### Task description:
Using the listing below, output only the lines from the one that contains "Diamante Round Canaletto" through the one that contains "Side view of black sunglasses", inclusive, exactly as given and without images.

### Entries shown:
╭──
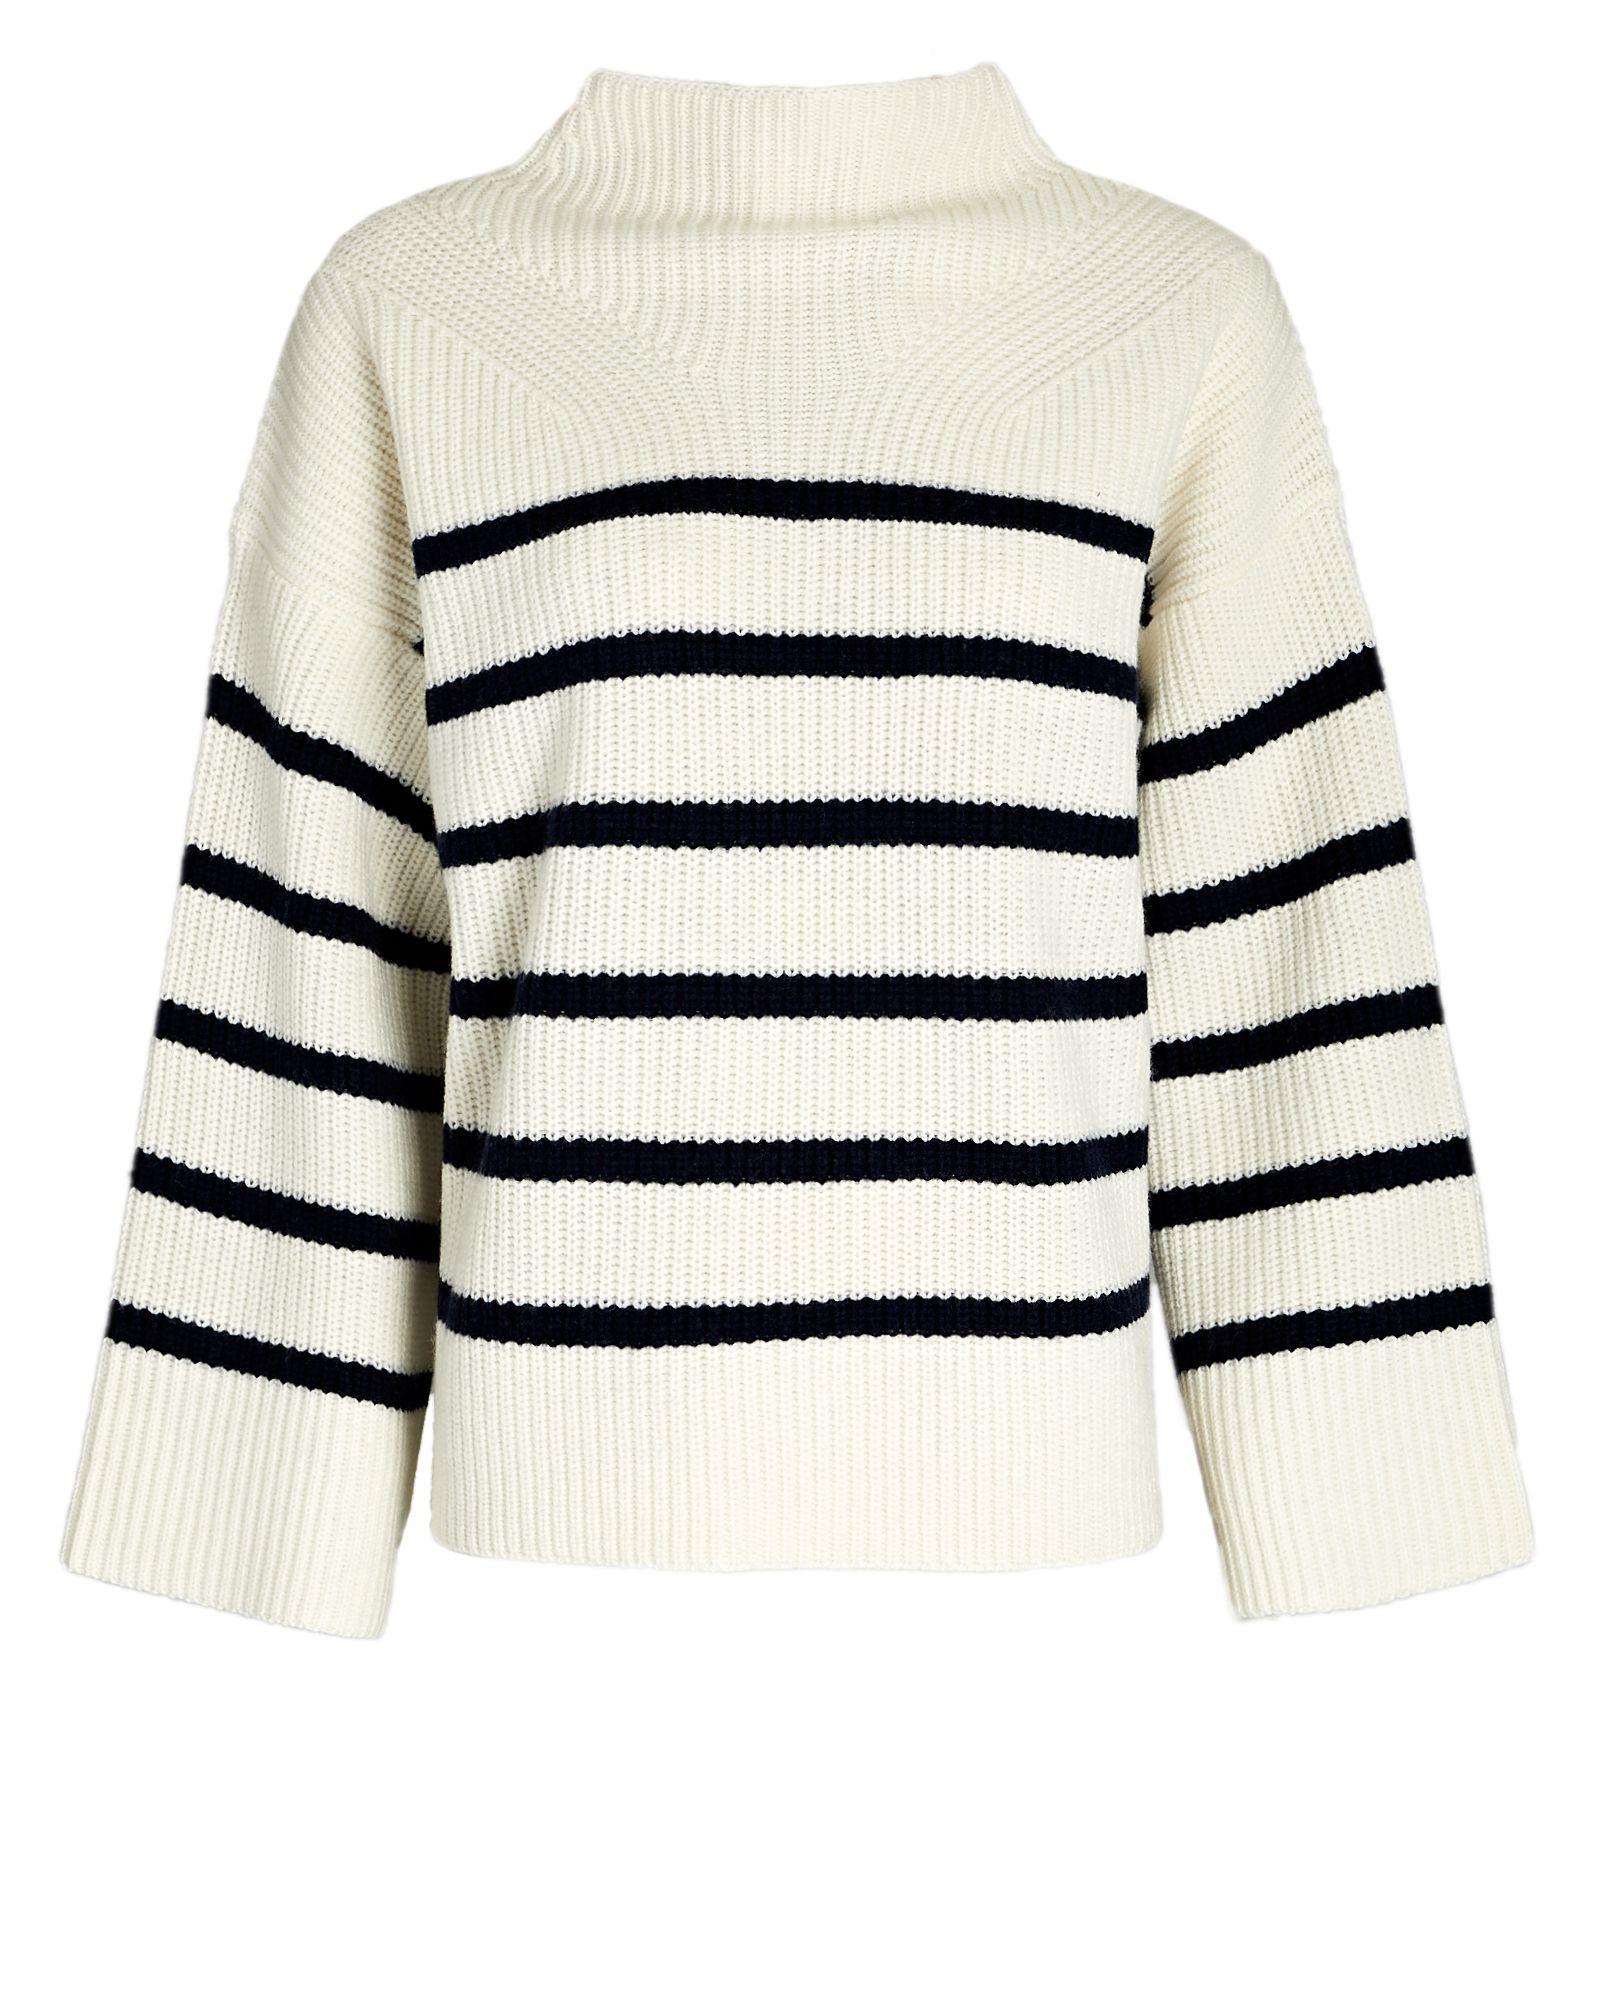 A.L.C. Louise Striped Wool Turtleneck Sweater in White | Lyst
╰──
╭──
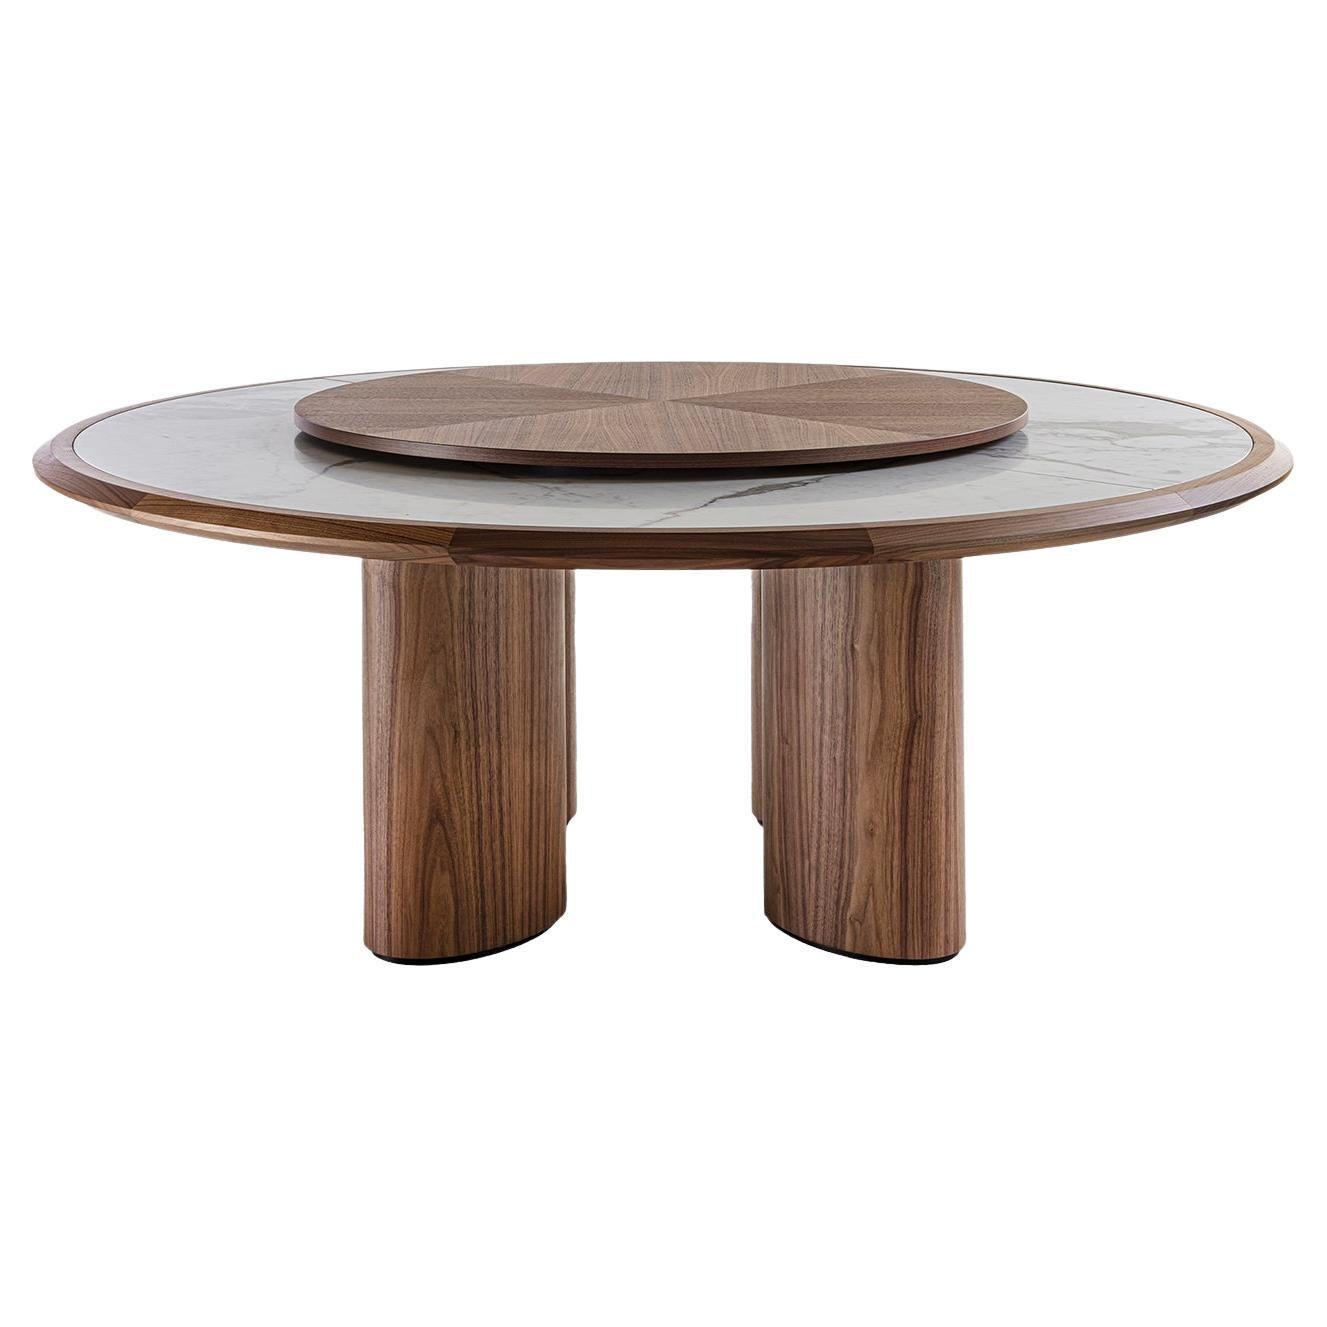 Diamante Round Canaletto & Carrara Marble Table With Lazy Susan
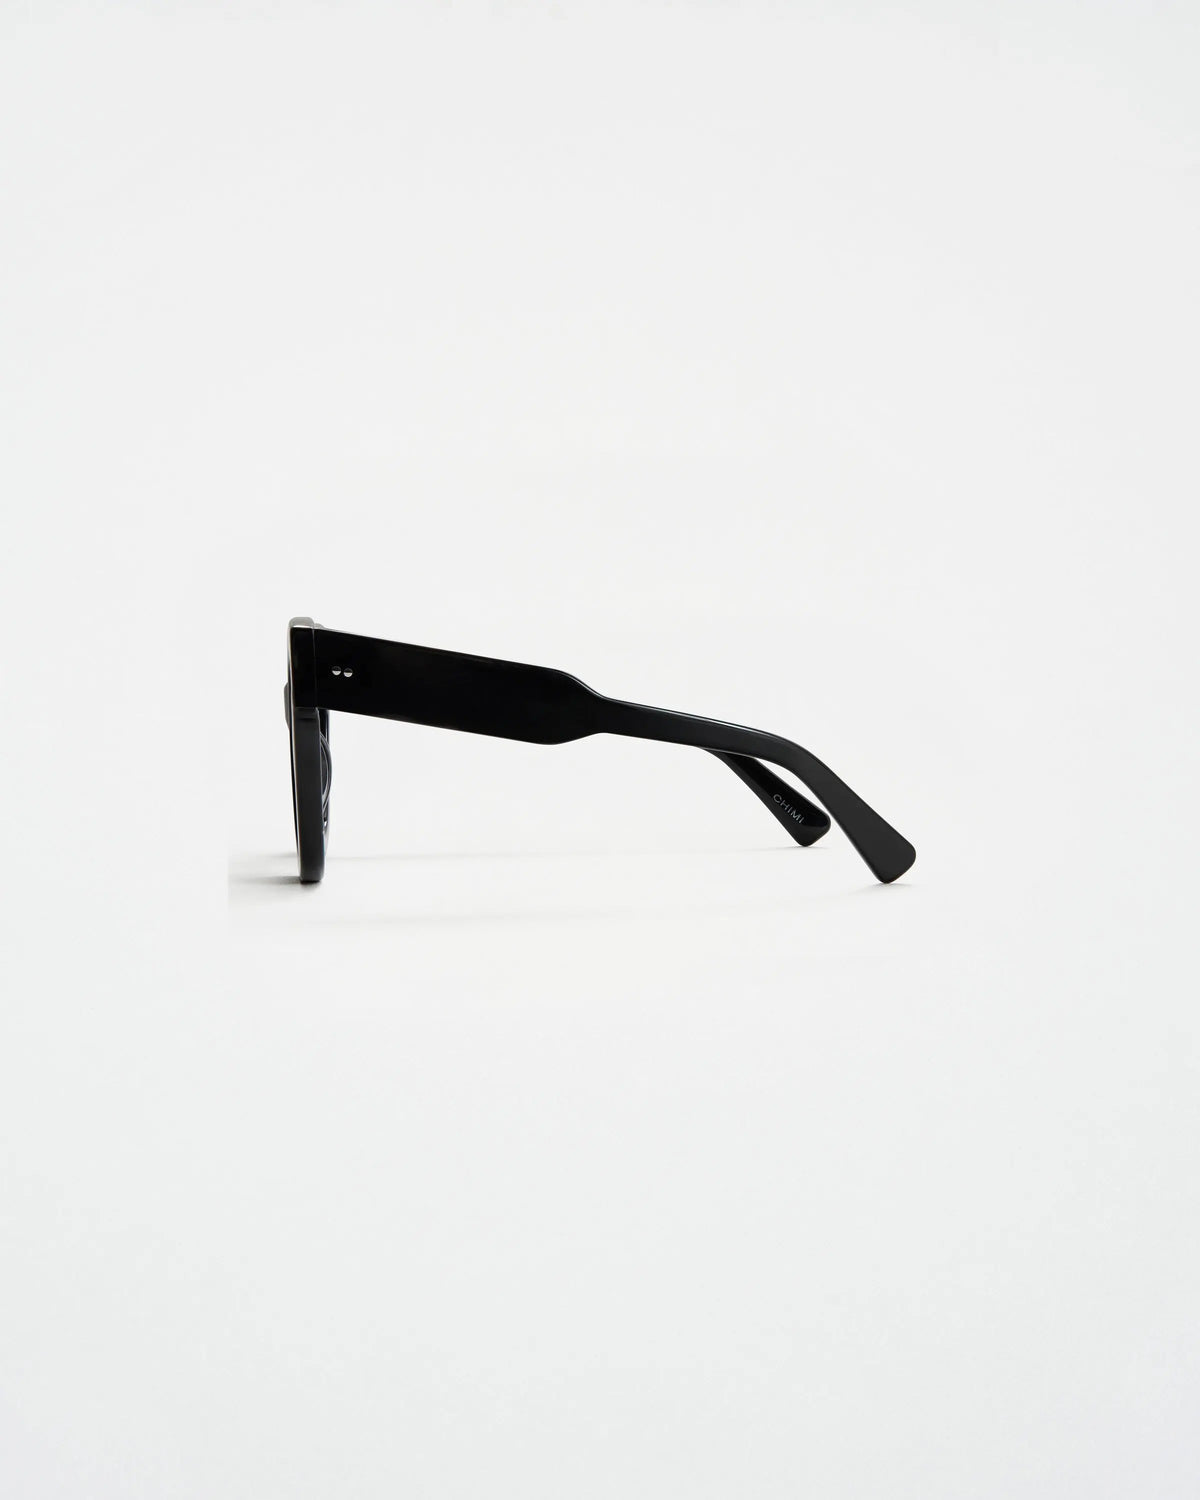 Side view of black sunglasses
╰──
### Output below:
 Diamante Round Canaletto & Carrara Marble Table With Lazy Susan
 Side view of black sunglasses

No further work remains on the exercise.